The study is a within-subject, repeated measures study with one between factor (Group) with four levels and one within factor (Time) with seven time points. As we are predicting an effect size of 0.30 (medium to high), 16 subjects per group (a total of 64 subjects) is needed to achieve 80% power with a 5% significance level. Allowing for a 10% drop out rate, each group will need 18 subjects.

4.5. A-tDCS intervention

A DC-Stimulator (neuroConn. DC Stimulator plus) will be used to deliver 1 mA current to the M1 area via two surface electrodes with pockets of saline soaked sponges (0.9% NaCl). Active electrode (anode) measuring 3 × 4 cm will be placed over the left C3 or C4 according to the International 10–20 EEG system for electrode placement. The return (cathode) electrode (5 × 7) will be placed over contralateral supraorbital area. Participants will receive within-session repeated a-tDCS or sham tDCS paradigm (10-25-10 protocol) for 5 consecutive days. 10-25-10 protocol involves 10 min of tDCS intervention, followed by 25 min of rest, and then a further 10 min tDCS. The stimulator software has a study mode for blinding purposes that encodes sham and active stimulation parameters and can be set individually using the software. The safety and feasibility of this protocol and also its long-lasting effect in these patients have been assessed in our previous study (36).

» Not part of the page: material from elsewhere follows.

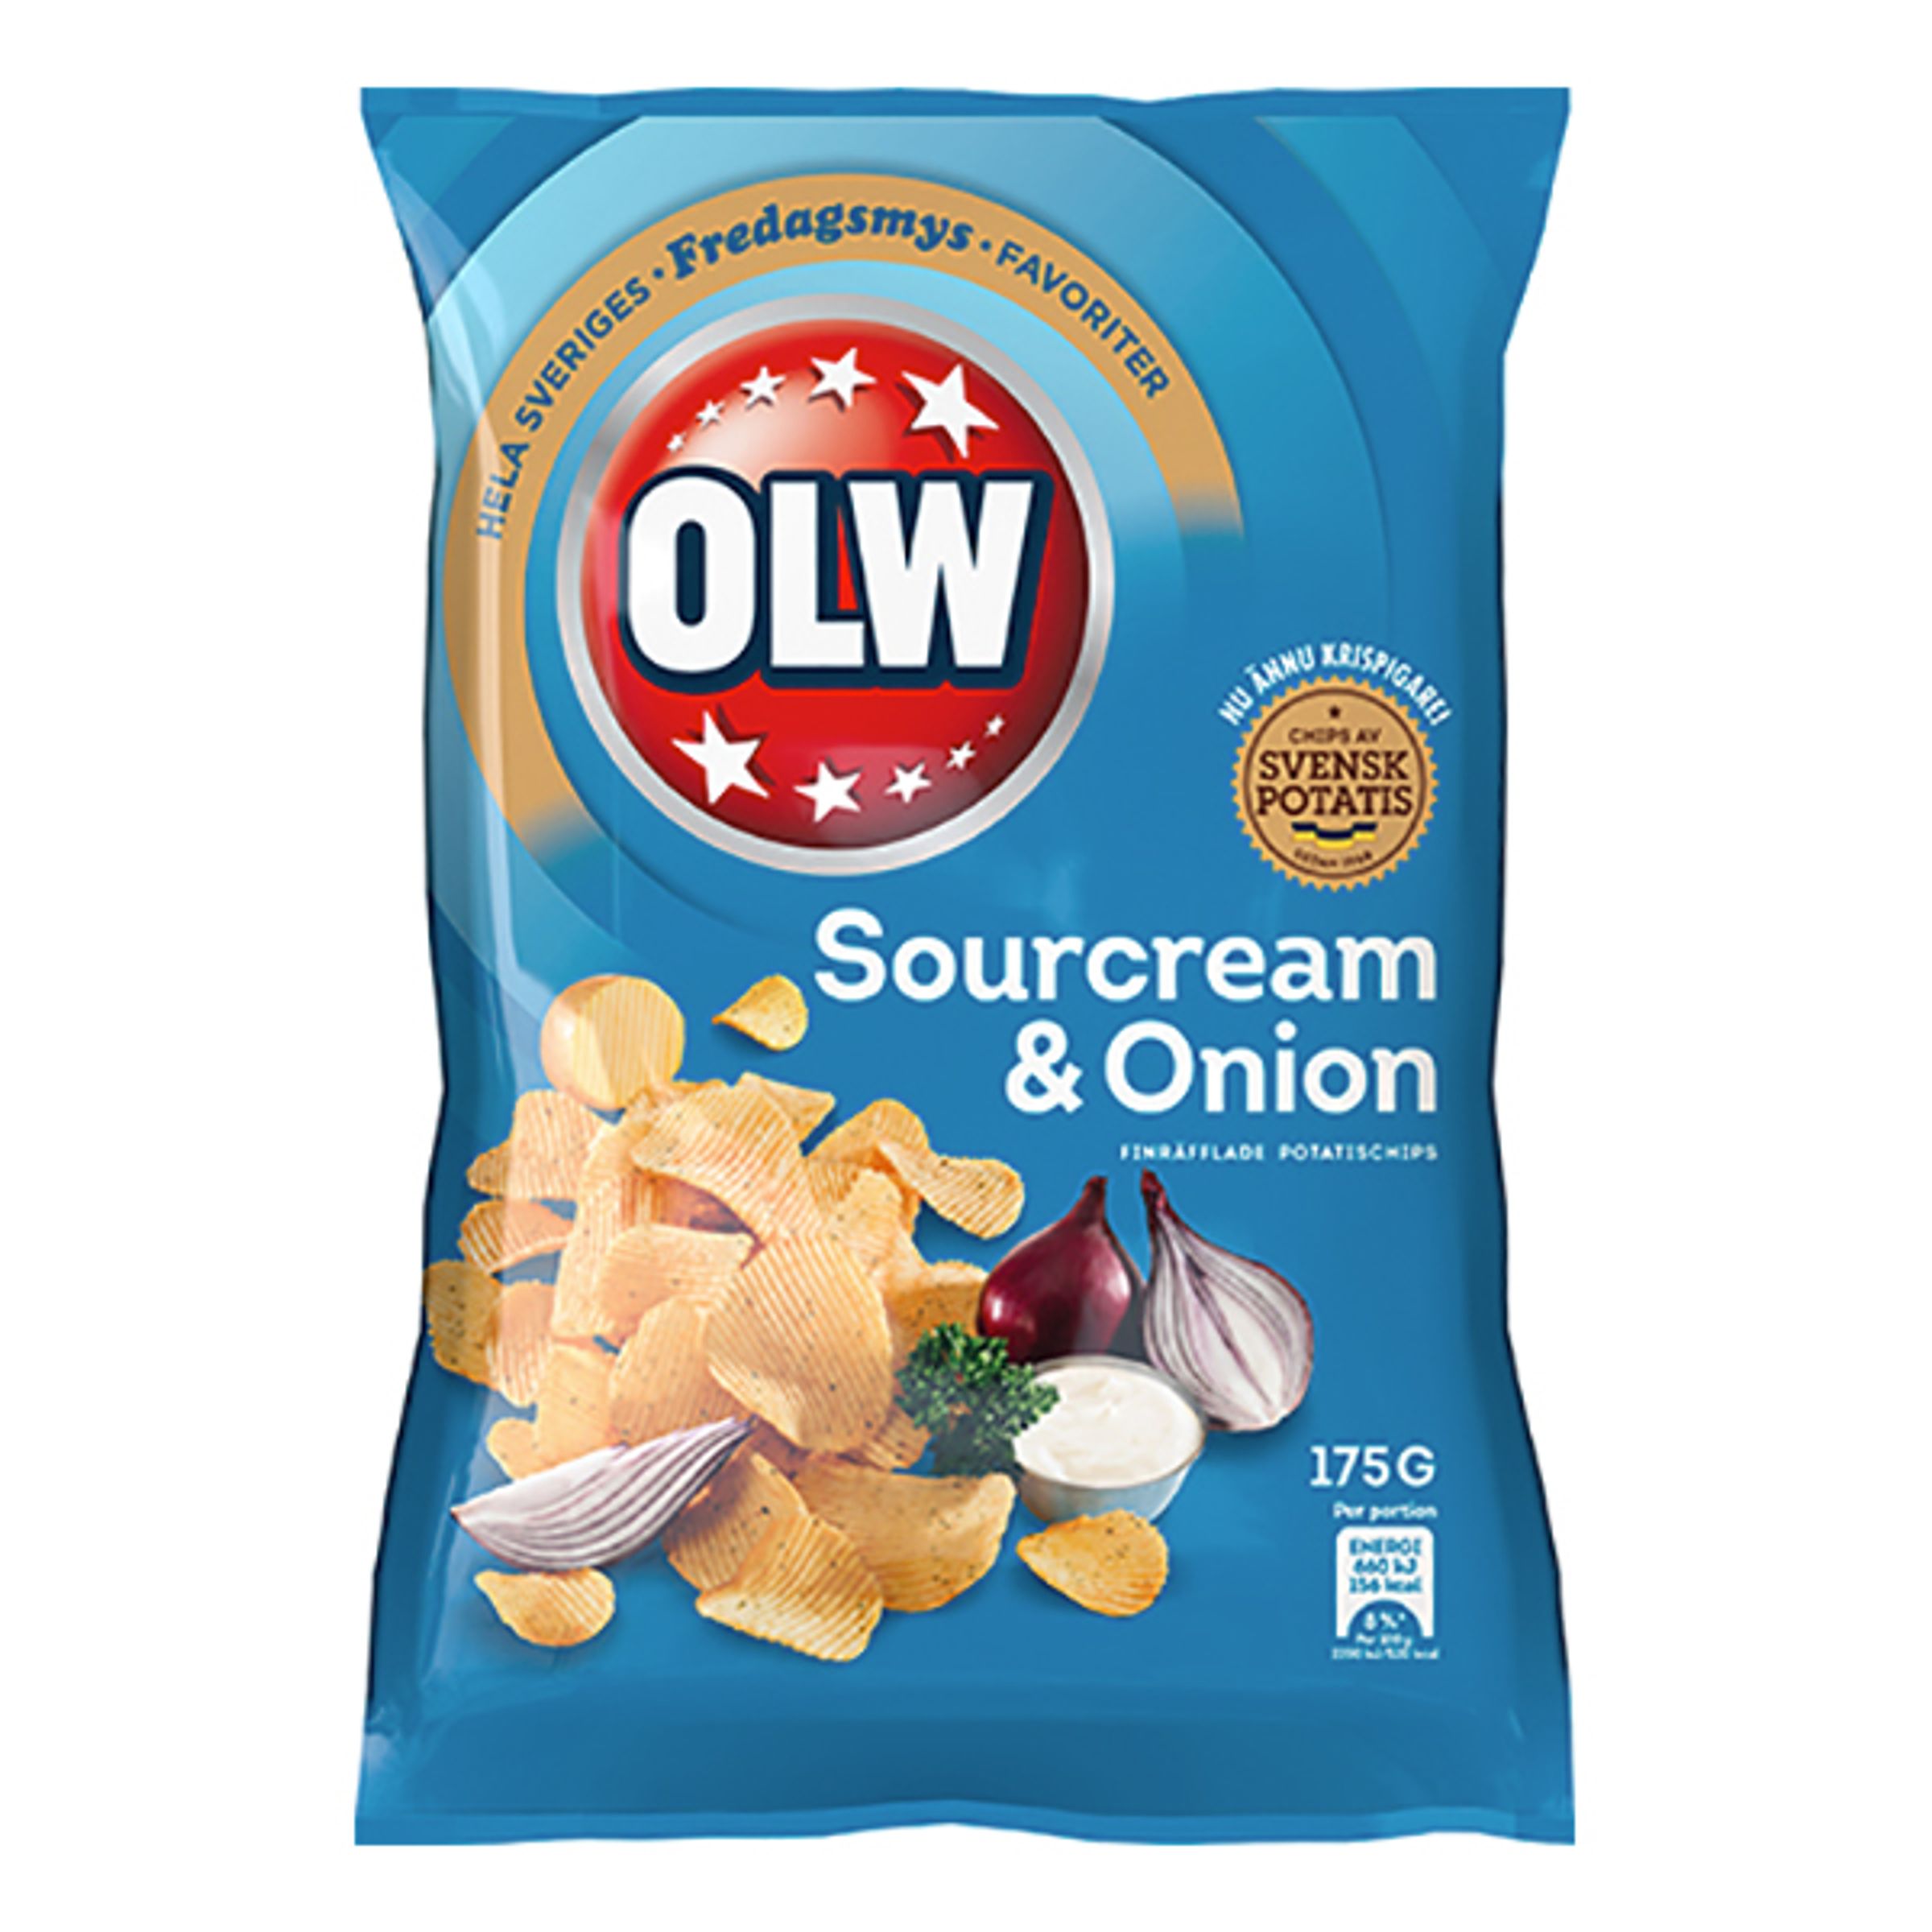 OLW Sourcream & Onion Chips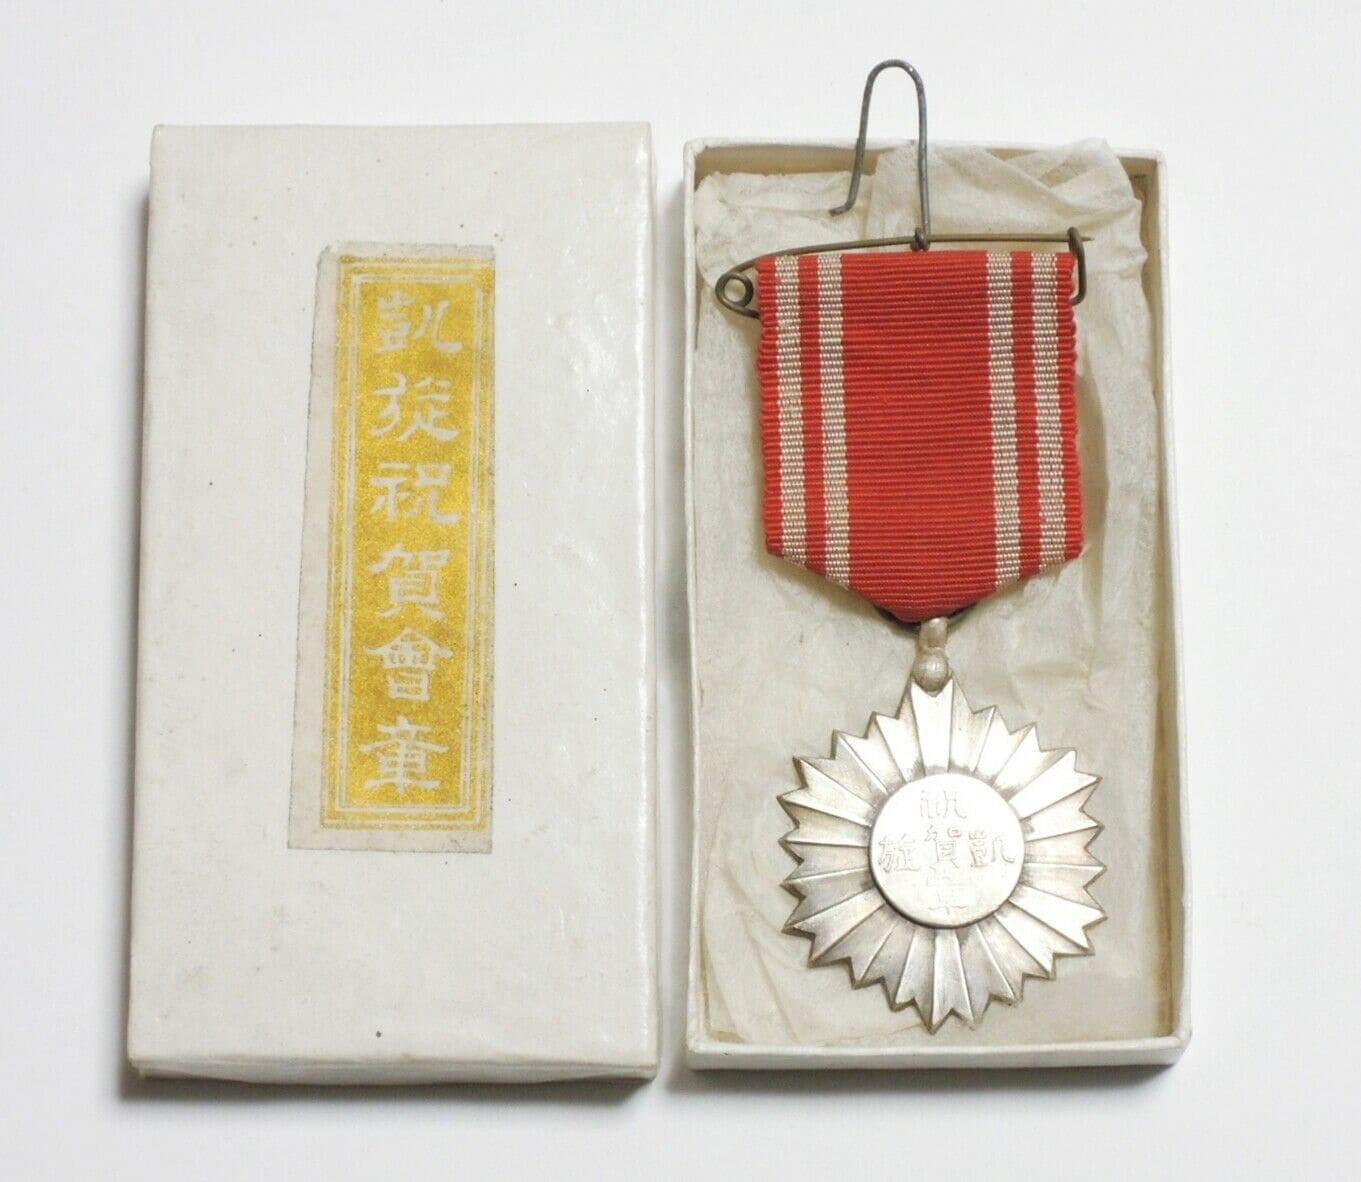 Triumphant  Return  Celebration Association Medal 凱旋祝賀會章.jpg

4.5.1. Hand training session for group 1

The patients in this group will be assessed by a physiotherapist and an individualized hand training program will be written based on the current practice standard.

4.5.2. Hand training session for groups 2–4

The participants will be seated in front of a computer screen at eye level behind a response pad with four buttons (numbered 1–4) and will be instructed to push each button with a different finger of the right hand (Thumb for button 1, index finger for button 2, middle finger for button 3, ring finger for button 4 and little finger for button 5) (Figure 2).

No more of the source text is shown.